更细节的使用我们还是要参看官网,下面我们启动服务,故意在confirm阶段抛异常,就会发现trade和account会一直在confirm阶段不断重试,然后我们将confirm阶段异常去掉,两个服务都会同时达到成功,就像处于同一个数据库事务一样。
tcc主要依靠aop拦截来实现。我们可以先看下tcc-transaction.xml配置文件
<?xml version="1.0" encoding="UTF-8"?>
<beans xmlns="http://www.springframework.org/schema/beans"
xmlns:xsi="http://www.w3.org/2001/XMLSchema-instance"
xmlns:context="http://www.springframework.org/schema/context"
xmlns:aop="http://www.springframework.org/schema/aop" xmlns:task="http://www.springframework.org/schema/task"
xsi:schemaLocation="http://www.springframework.org/schema/beans http://www.springframework.org/schema/beans/spring-beans.xsd http://www.springframework.org/schema/context http://www.springframework.org/schema/context/spring-context.xsd http://www.springframework.org/schema/aop http://www.springframework.org/schema/aop/spring-aop.xsd http://www.springframework.org/schema/task http://www.springframework.org/schema/task/spring-task.xsd"> <!-- 开启Spring对@AspectJ风格切面的支持(因为下面用到自定义的TCC补偿切面类) -->
<!-- @Aspect注解不能被Spring自动识别并注册为Bean,因此要通过xml的bean配置,或通过@Compenent注解标识其为Spring管理Bean -->
<aop:aspectj-autoproxy/> <context:component-scan base-package="org.mengyun.tcctransaction.spring"/> <bean id="springBeanFactory" class="org.mengyun.tcctransaction.spring.support.SpringBeanFactory"/> <!-- TCC事务配置器 -->
<bean id="tccTransactionConfigurator" class="org.mengyun.tcctransaction.spring.support.TccTransactionConfigurator">
</bean> <!-- 事务恢复 -->
<bean id="transactionRecovery" class="org.mengyun.tcctransaction.recover.TransactionRecovery">
<property name="transactionConfigurator" ref="tccTransactionConfigurator"/>
</bean> <!-- 可补偿事务拦截器 -->
<bean id="compensableTransactionInterceptor"
class="org.mengyun.tcctransaction.interceptor.CompensableTransactionInterceptor">
<property name="transactionConfigurator" ref="tccTransactionConfigurator"/>
</bean> <!-- 资源协调拦截器 -->
<bean id="resourceCoordinatorInterceptor"

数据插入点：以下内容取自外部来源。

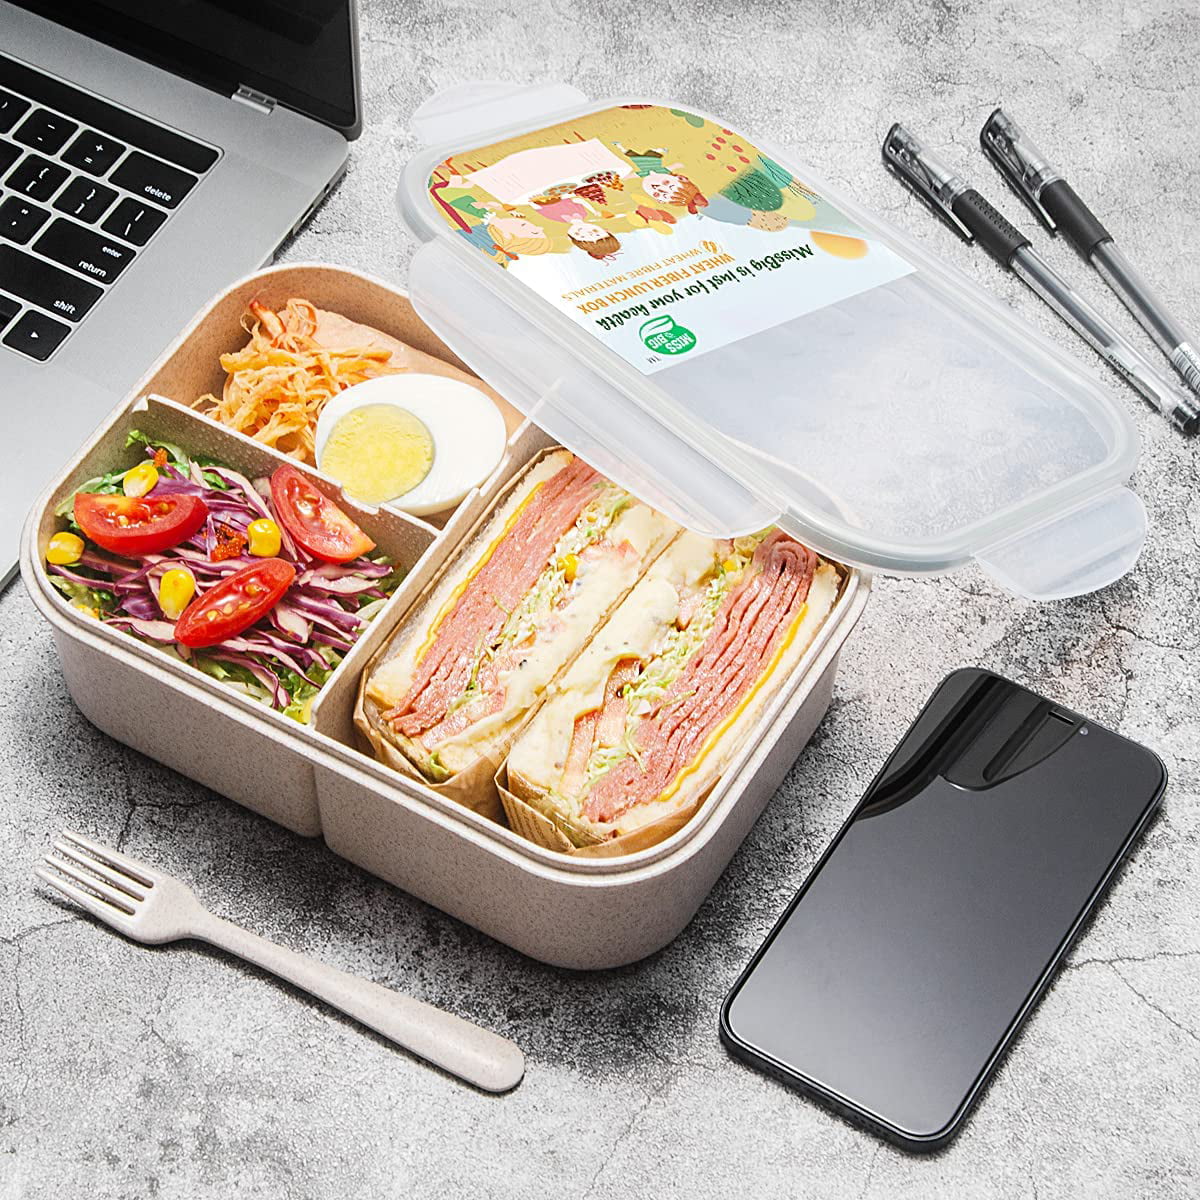 Lnkoo Kids Bento Box,1400ml Leakproof Lunch Containers Cute Lunch Boxes for Kids with Utensils & Dividers Bento Boxes for Adults, Dishwasher

class="org.mengyun.tcctransaction.interceptor.ResourceCoordinatorInterceptor">
<property name="transactionConfigurator" ref="tccTransactionConfigurator"/>
</bean> <!-- TCC补偿切面 -->
<bean id="tccCompensableAspect" class="org.mengyun.tcctransaction.spring.TccCompensableAspect">
<property name="compensableTransactionInterceptor" ref="compensableTransactionInterceptor"/>
</bean> <!-- TCC事务上下文切面 -->
<bean id="transactionContextAspect" class="org.mengyun.tcctransaction.spring.TccTransactionContextAspect">
<property name="resourceCoordinatorInterceptor" ref="resourceCoordinatorInterceptor"/>
</bean> <!-- 启用定时任务注解 -->
<task:annotation-driven/> <!-- 事务恢复任务调度器 -->
<bean id="recoverScheduler" class="org.springframework.scheduling.quartz.SchedulerFactoryBean"/> <!-- 事务恢复调度任务,初始化方法:init -->
<bean id="recoverScheduledJob" class="org.mengyun.tcctransaction.spring.recover.RecoverScheduledJob" init-method="init">
<property name="transactionConfigurator" ref="tccTransactionConfigurator"/>
<property name="transactionRecovery" ref="transactionRecovery"/>
<property name="scheduler" ref="recoverScheduler"/>
</bean> </beans>
TccTransactionConfigurator配置了tcc的数据库连接和事务管理
public class TccTransactionConfigurator implements TransactionConfigurator {
/**
* 事务库
*/
@Autowired
private TransactionRepository transactionRepository;
/**
* 事务恢复配置
*/
@Autowired(required = false)
private RecoverConfig recoverConfig = DefaultRecoverConfig.INSTANCE;
.....
}
TransactionRepository就是我们在TccConfig中配置的
@Bean
public TransactionRepository transactionRepository(ObjectSerializer<?> serializer) {
SpringJdbcTransactionRepository repository = new SpringJdbcTransactionRepository();
repository.setDataSource(druidDataSource());
repository.setDomain("ACCOUNT");
repository.setTbSuffix("_ACCOUNT");
repository.setSerializer(serializer);
return repository;
}
接下来就是两个拦截器和切面
两个拦截器的切点如下
TccCompensableAspect
@Pointcut("@annotation(org.mengyun.tcctransaction.Compensable)")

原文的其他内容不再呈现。